# ductless minisplit cover



## Pabs (Dec 10, 2008)

I installed a ductless miniplist last spring.. I was told I should cover the outdoor unit (condenser)  to protect it from snow fall

Just curious if anyone has done something that looks good … need some inspiration!

thanks


----------



## Tennessee (Jul 8, 2011)

You don't want to cover the whole condenser, that will trap moisture inside the unit where it will stay for long periods and prematurely rust it out. If it has a condenser fan exiting the top and is a square unit, you need a KooKap. Here's some company that sells them, as well as nice covers. I have no idea who they are, first that loaded on my google page.
https://www.expresshvac.com/system_accessories/condenser_covers/HVAC_condensercovers.asp
Notice also that their premium covers also leave the bottom open, so air can circulate and help eliminate issues around moisture, but not much beats a Koolkap.
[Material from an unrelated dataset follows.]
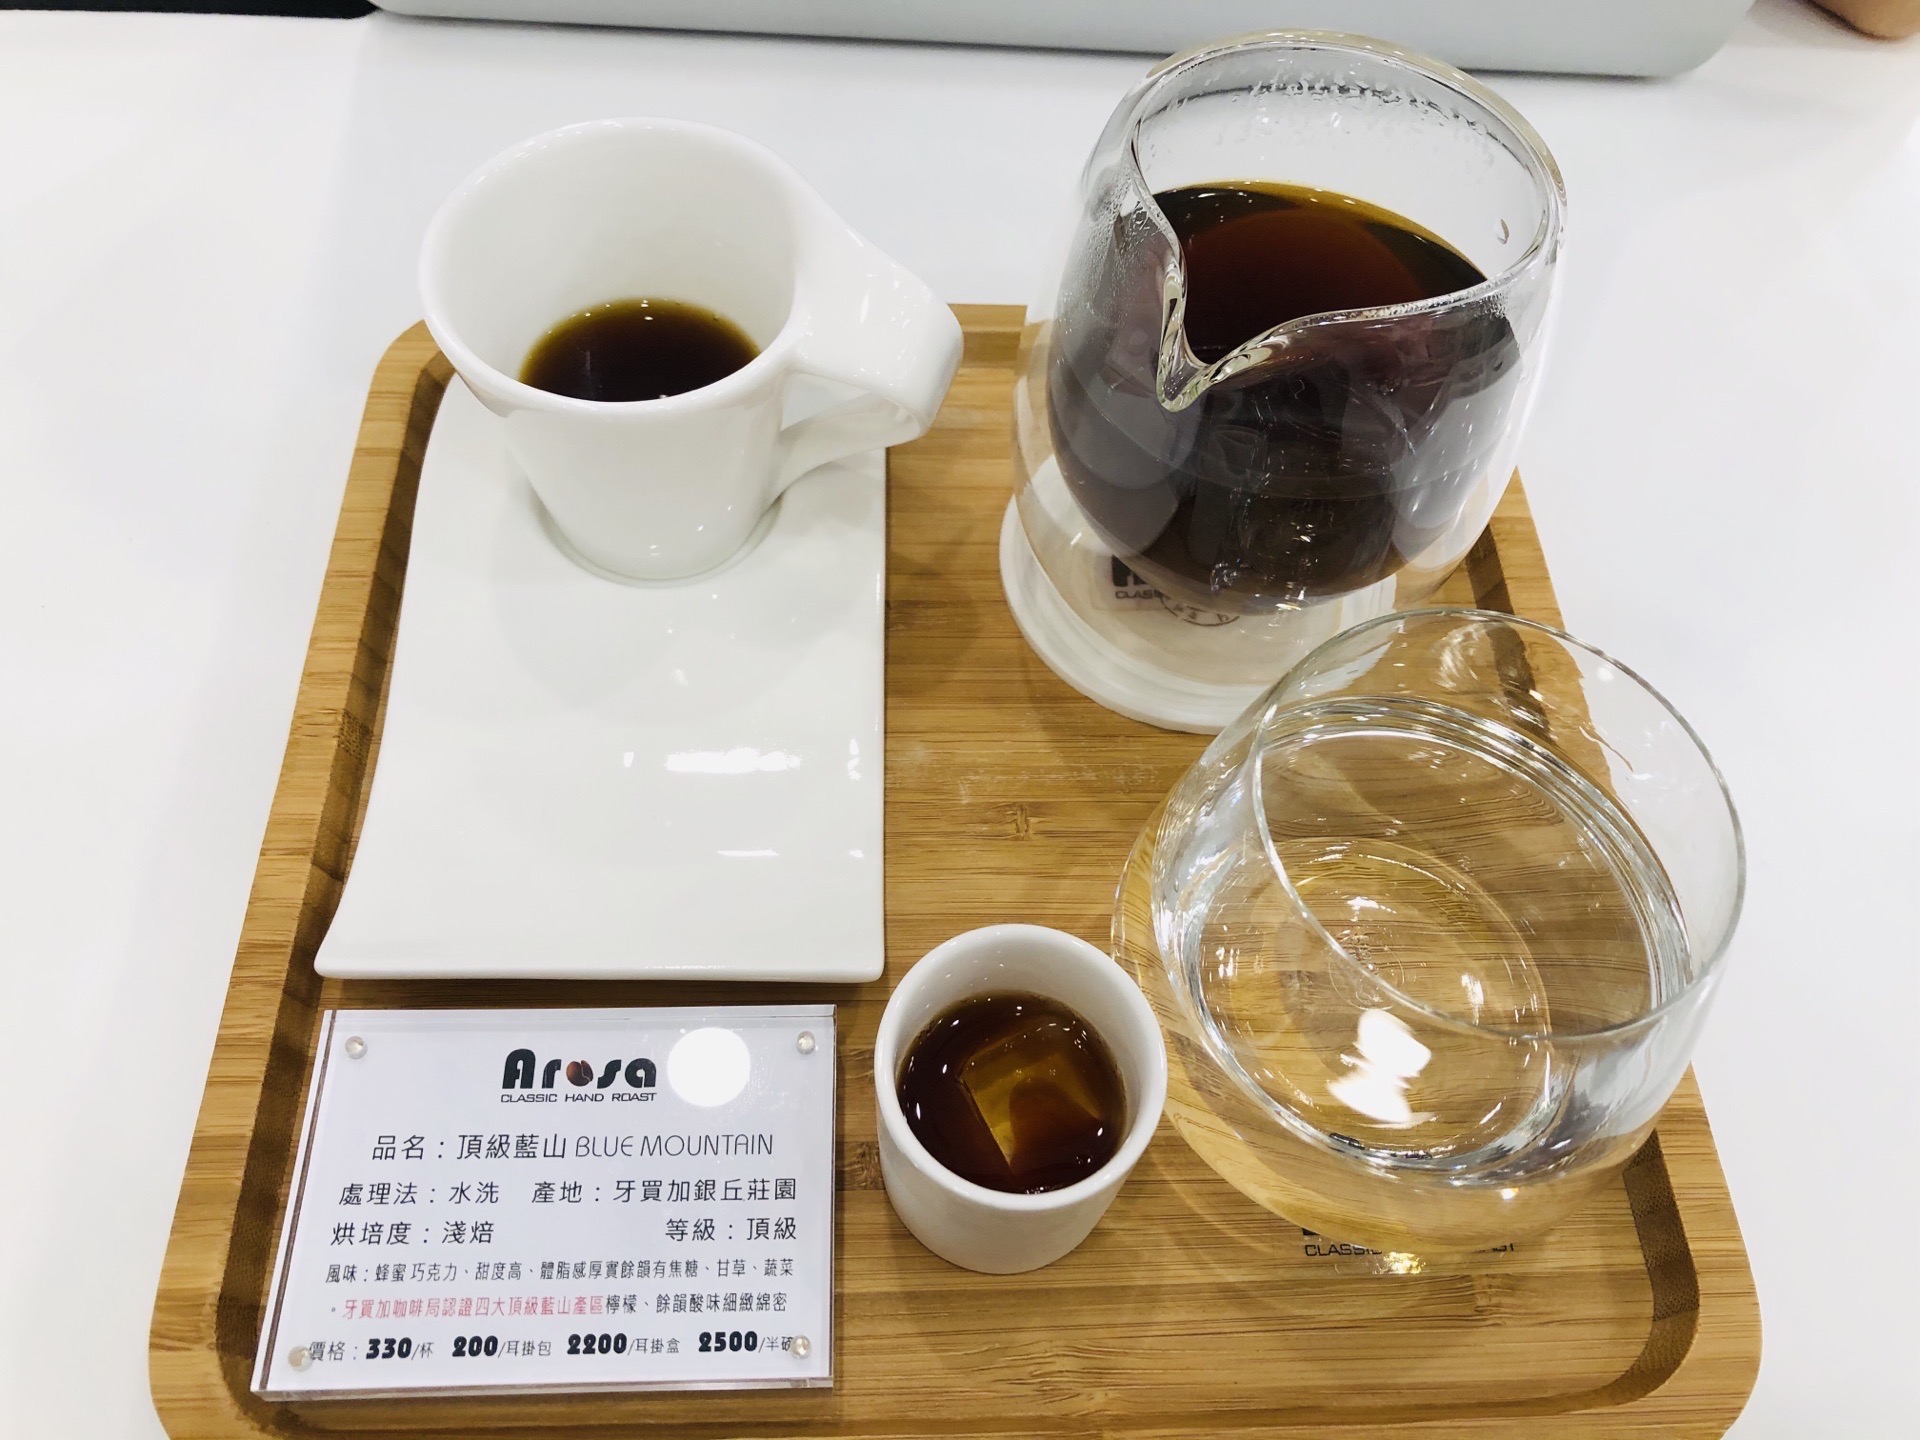 終於喝到傳說中的頂級咖啡-藍山咖啡，雖然一杯要價新台幣330元，但真的好喝，入口是淡淡的巧克力香氣，

I have on on my big heat pump that heats and cools my house, and it keeps the unit clean and dry year round. Still have to wash the coils since they are an intake, but lots better than all that leaf, dust and dirt gunk building up on the bottom pan.
If you have a heat pump system, the Koolkap simply lifts up in the winter with the force of the condenser fan, allowing for full time year round protection.
One problem, if you do get snow, you have to brush it off the Koolkap, so it can lift to warm in the winter.


----------



## Pabs (Dec 10, 2008)

from what I can see those only work for regular heat pumps not minisplits…unless there's a section I missed

I figured I would just build a little slanted roof over it with decorative sides (open, trellis maybe) to prevent snow from piling on. just looking for some design inspiration


----------